On Mon, 2002-04-08 at 15:21, Glenn Maynard wrote:
> On Mon, Apr 08, 2002 at 10:01:15AM -0500, Jeff Licquia wrote:
> > > Why?  What freedoms are important for software that aren't for documentation?
> > 
> > Revisionist history, for one.  I'm sure the FSF wouldn't appreciate the
> > GCC document being modified to make it look like Linus Torvalds wrote
> > GCC, for example.
> 
> That would involve removing names from copyright notices, which isn't
> allowed for text *or* code.

Not necessarily.  Imagine part of the README for "licquix", the hot new
free kernel that everyone's raving about:

  Copyright (c) 1991 Linus Torvalds.

  The Finn gets the copyright because he started it, even though it
  wouldn't be half the kernel it is without my obviously brilliant 
  improvements.  He did start the project, after all, even if he hasn't
  made a decent contribution in years.

Do you think Linus would have a problem with such a README for this
(fictitious) product?

> Except that a large part of the discussion is exactly whether
> documentation is considered software for the purposes of the DFSG, and
> you and many others are (incorrectly and repeatedly) speaking as if the
> issue is settled.

Hmm.  I'm probably guilty of not being clear.  That is, indeed, my point
- that there are some issues to resolve here, and they don't seem to be
resolved yet.

> I've yet to see an argument as to why Debian should call a text with the
> GNU Manifesto permanently embedded in it free, when it wouldn't do the
> same for a software license that did the same thing.  To me, it seems
> straightforward: understandable, but not free.
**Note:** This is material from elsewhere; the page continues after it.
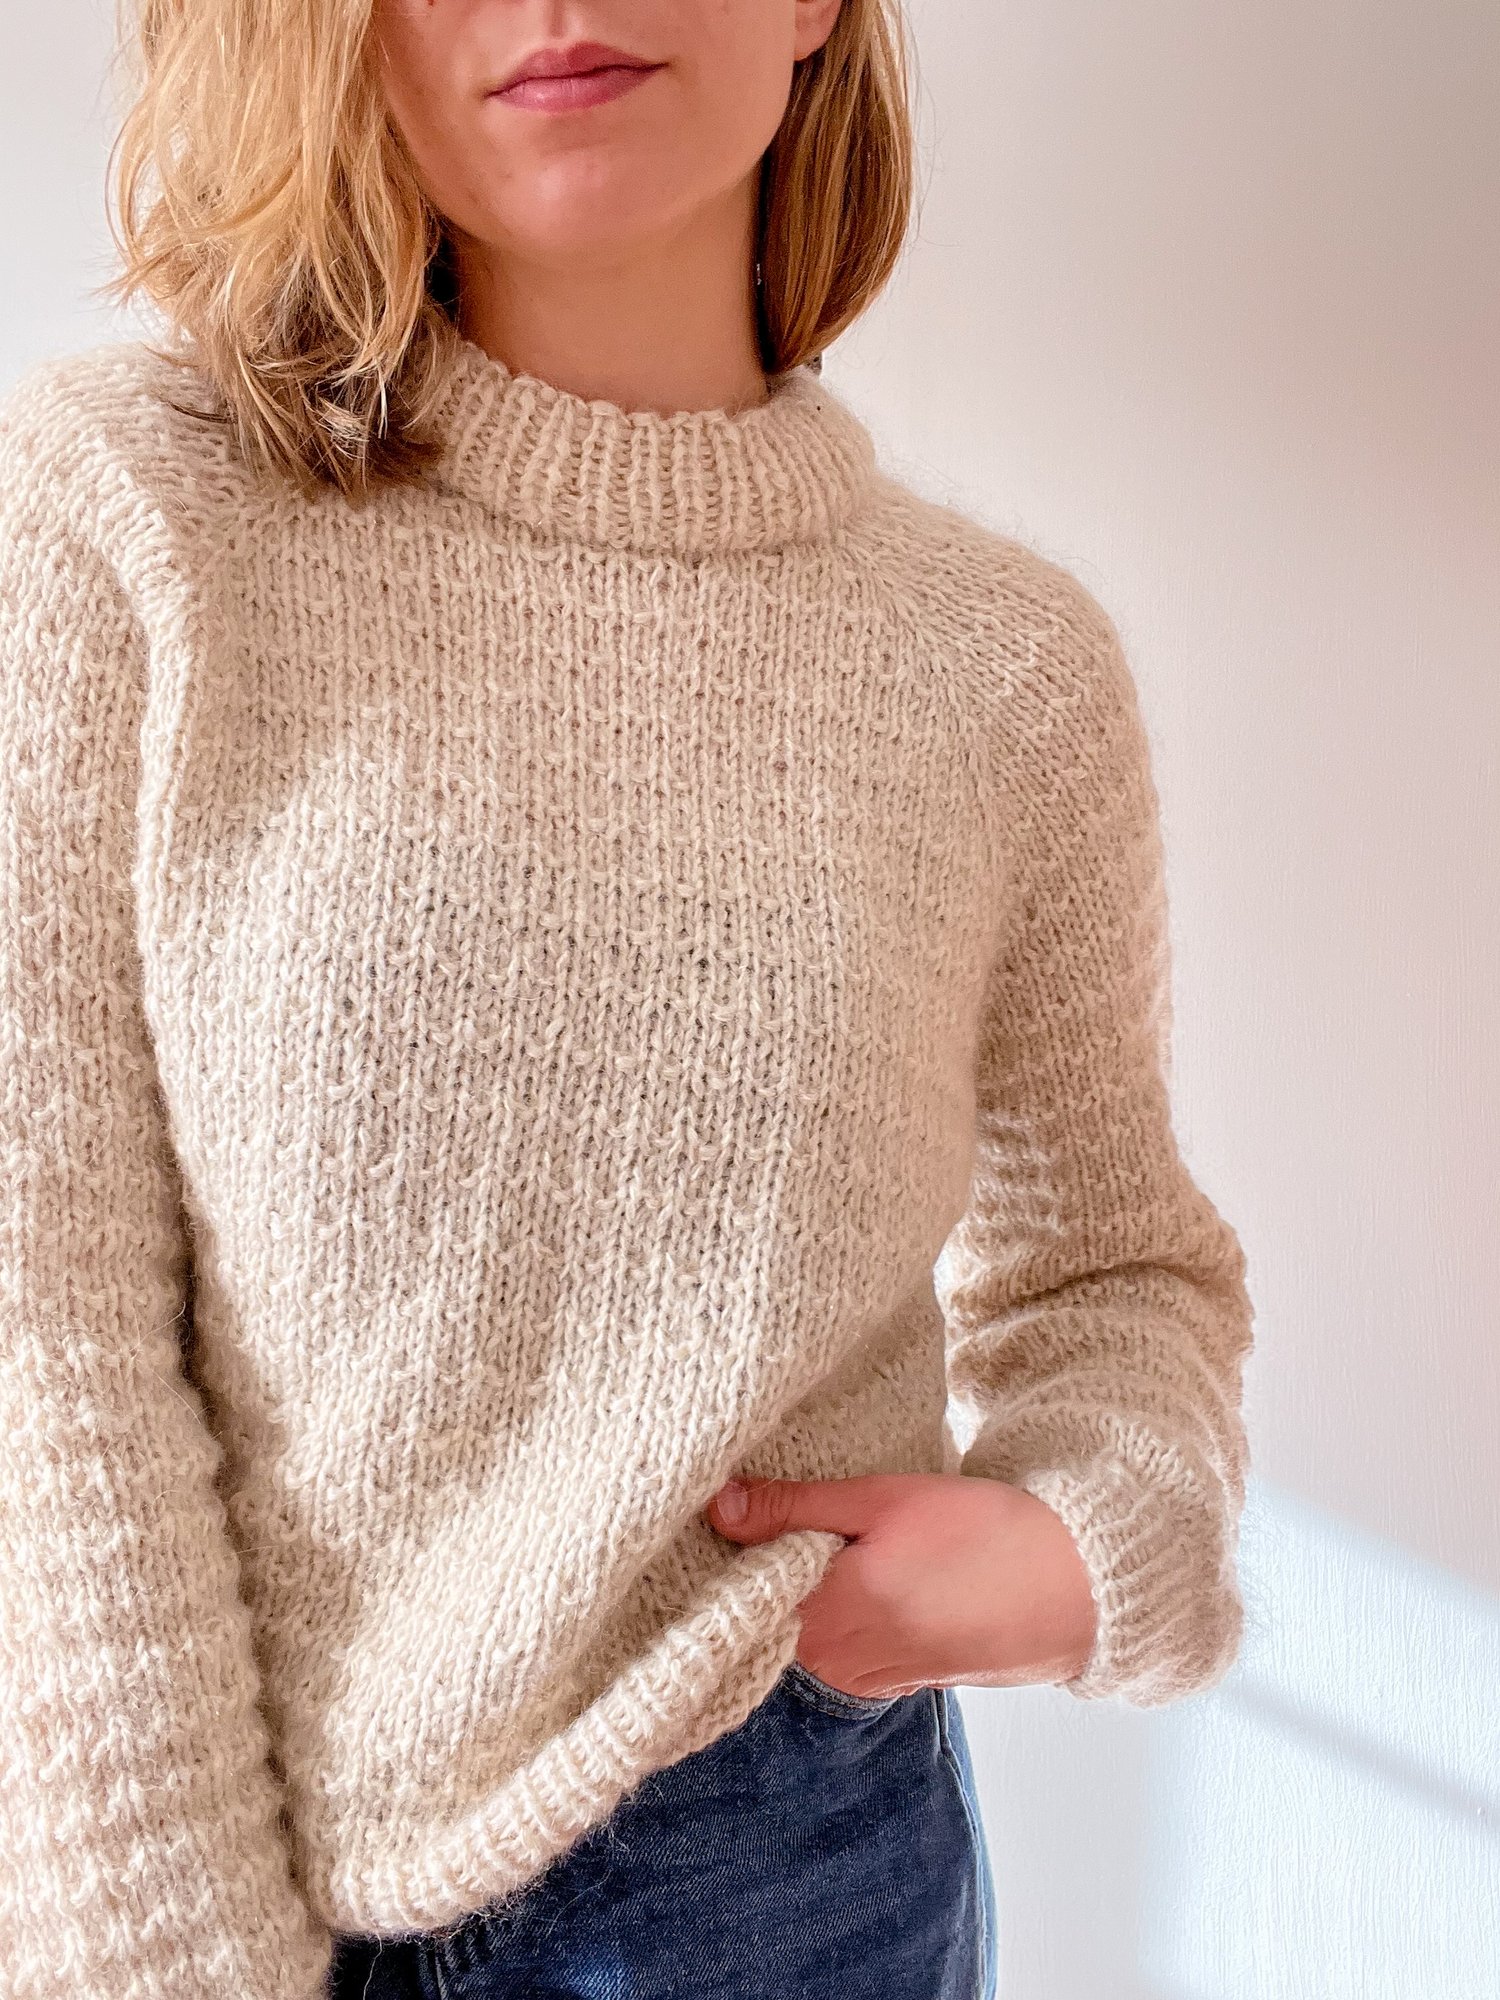 Aosta Sweater (3.0) — The Knit Purl Girl

Having read lots more on last year's thread, I must confess that this is
the most troubling part of the whole debate.

On the one hand, it doesn't seem totally clear that freedom in
non-active written works necessarily requires modifiability.  We can
modify Thoreau (his works are in the public domain), but why would we
want to?  Isn't it more honest and more "free" to write your own works,
borrowing from people like Thoreau, but not tarring him with the taint
of our own incompletely understood ideas?

On the other, it also doesn't seem right that a quote of, say, a
paragraph or two of the Emacs manual would require me to embed the whole
of the GNU Manifesto in my manual.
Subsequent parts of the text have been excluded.